| Records to use |
◇ ◇ ◇ ◇

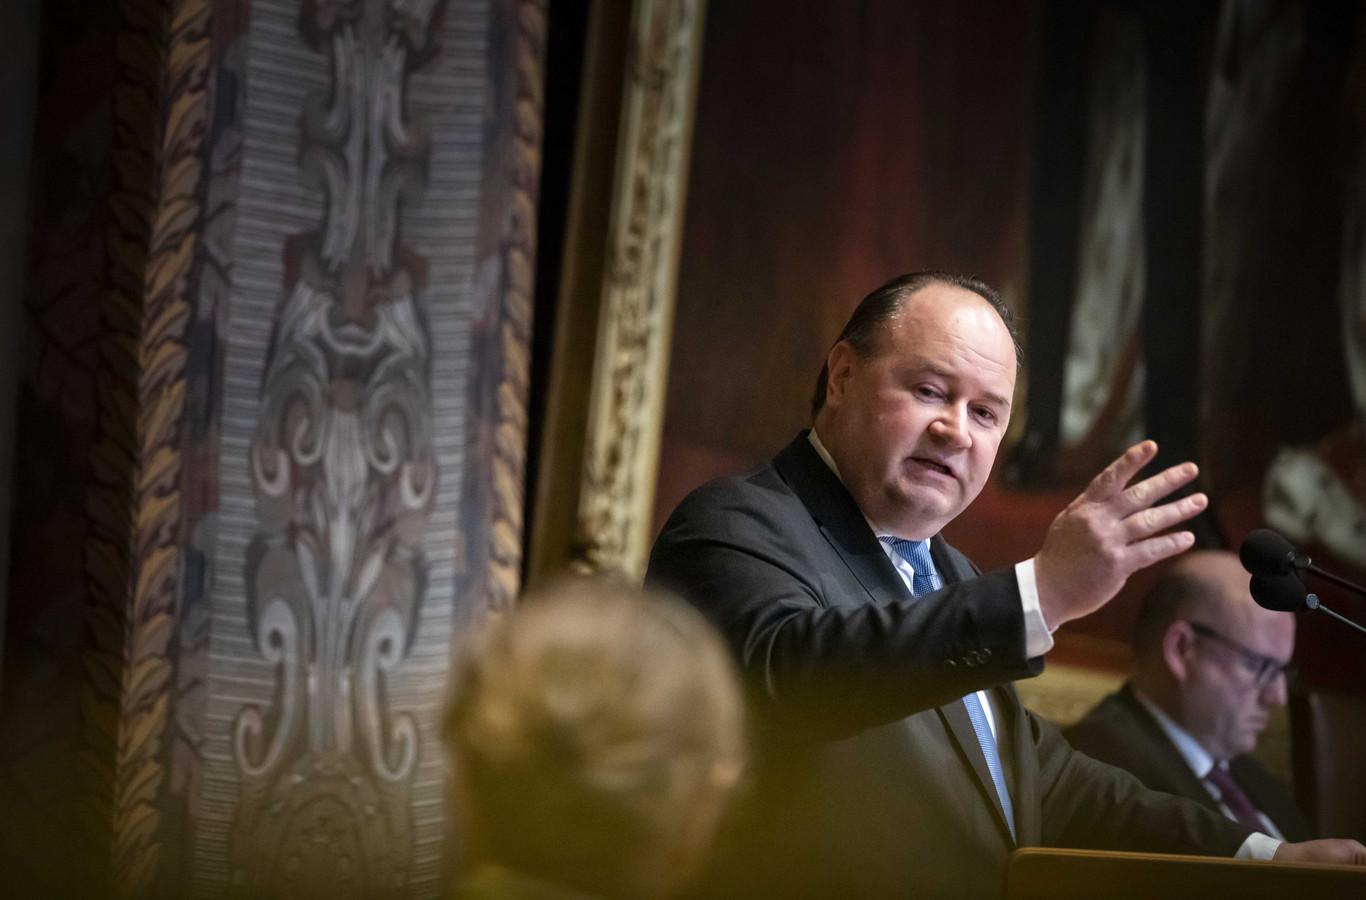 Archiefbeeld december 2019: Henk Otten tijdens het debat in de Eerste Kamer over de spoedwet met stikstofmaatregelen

◇ ◇ ◇ ◇

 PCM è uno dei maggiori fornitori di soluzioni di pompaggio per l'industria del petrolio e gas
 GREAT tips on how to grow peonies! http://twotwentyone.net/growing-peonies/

◇ ◇ ◇ ◇

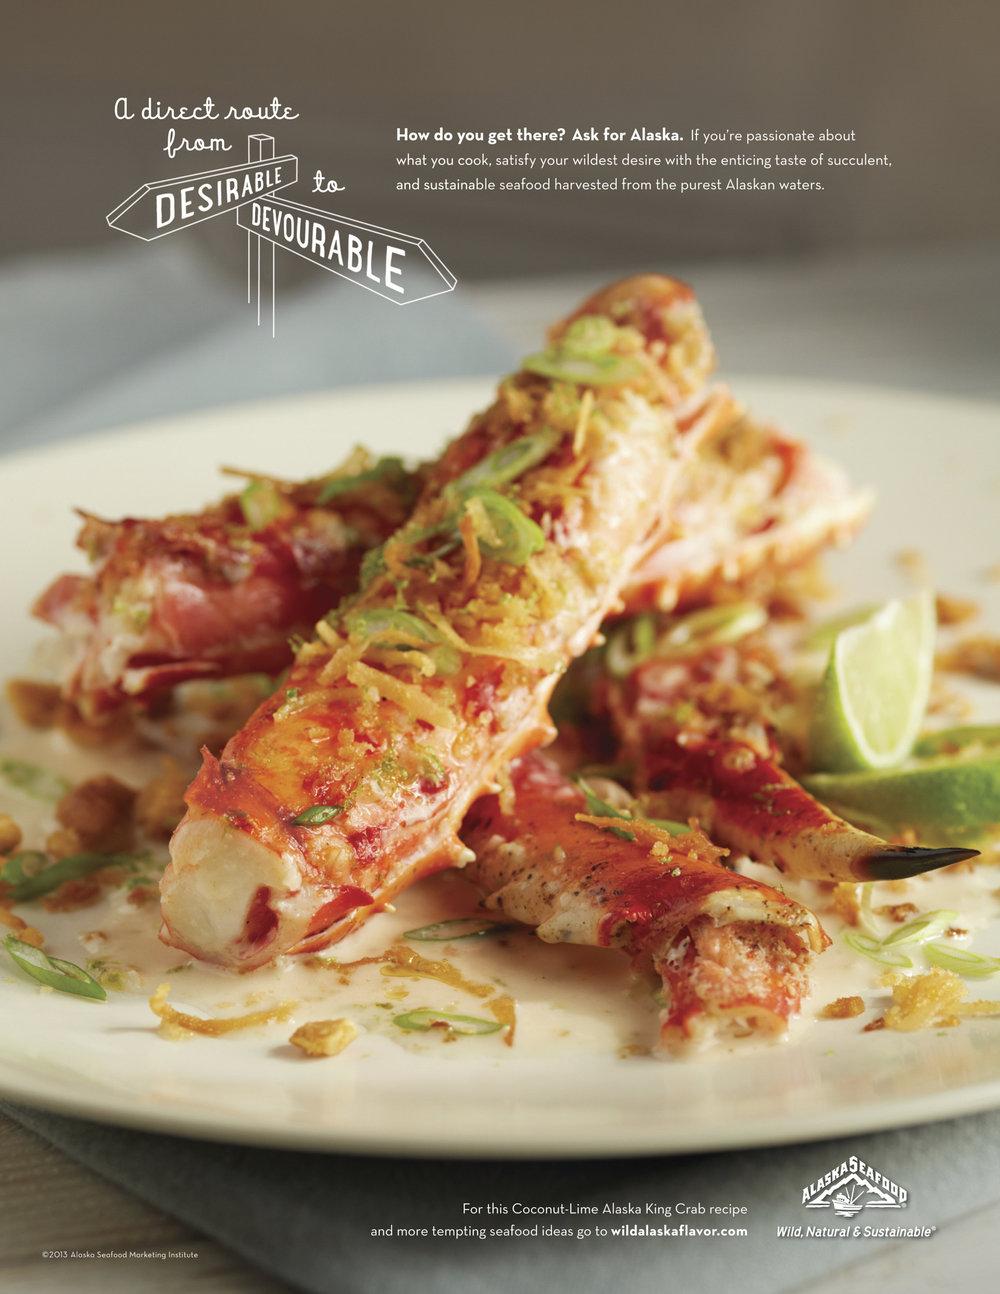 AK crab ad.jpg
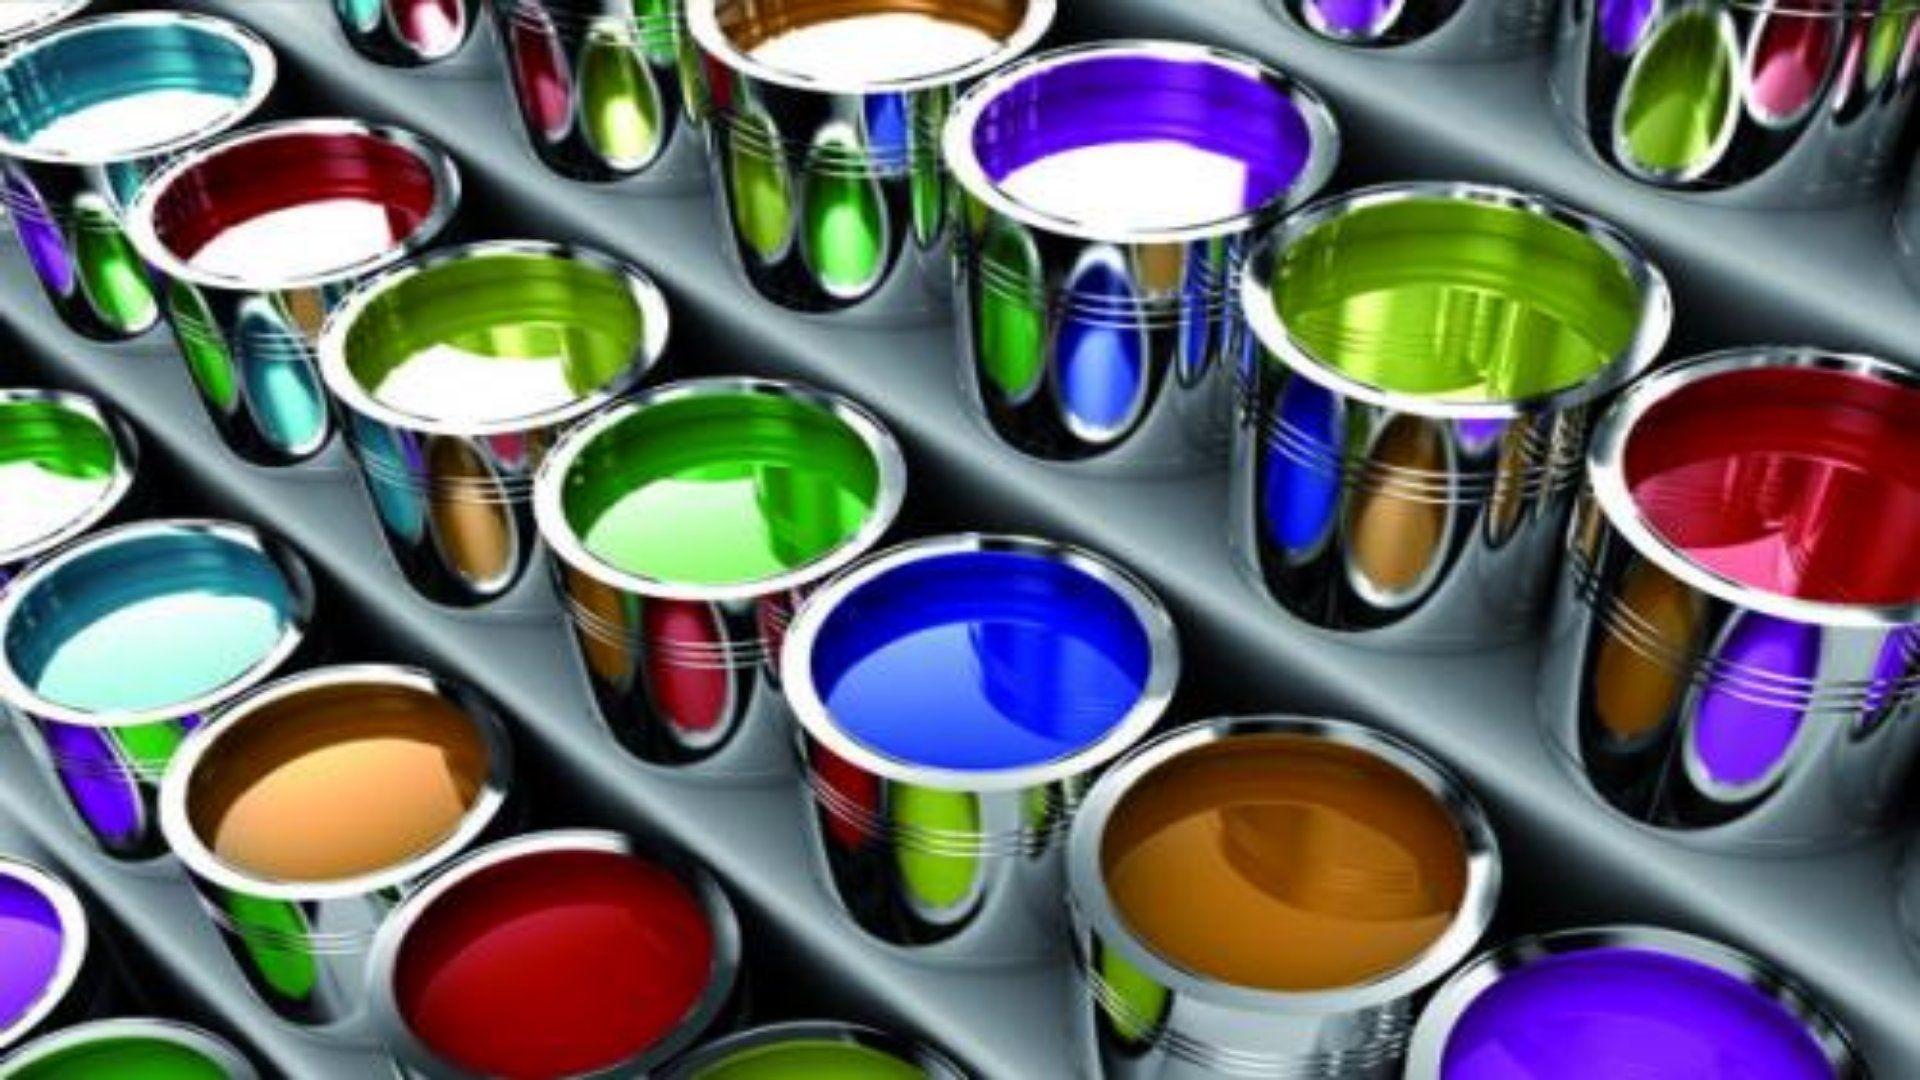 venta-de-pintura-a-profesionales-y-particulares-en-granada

◇ ◇ ◇ ◇

Would you please write out, exactly and with no other lines, the stretch of the listing above from the line containing "PCM è uno dei" through the line containing "GREAT tips on"?

 PCM è uno dei maggiori fornitori di soluzioni di pompaggio per l'industria del petrolio e gas
 GREAT tips on how to grow peonies! http://twotwentyone.net/growing-peonies/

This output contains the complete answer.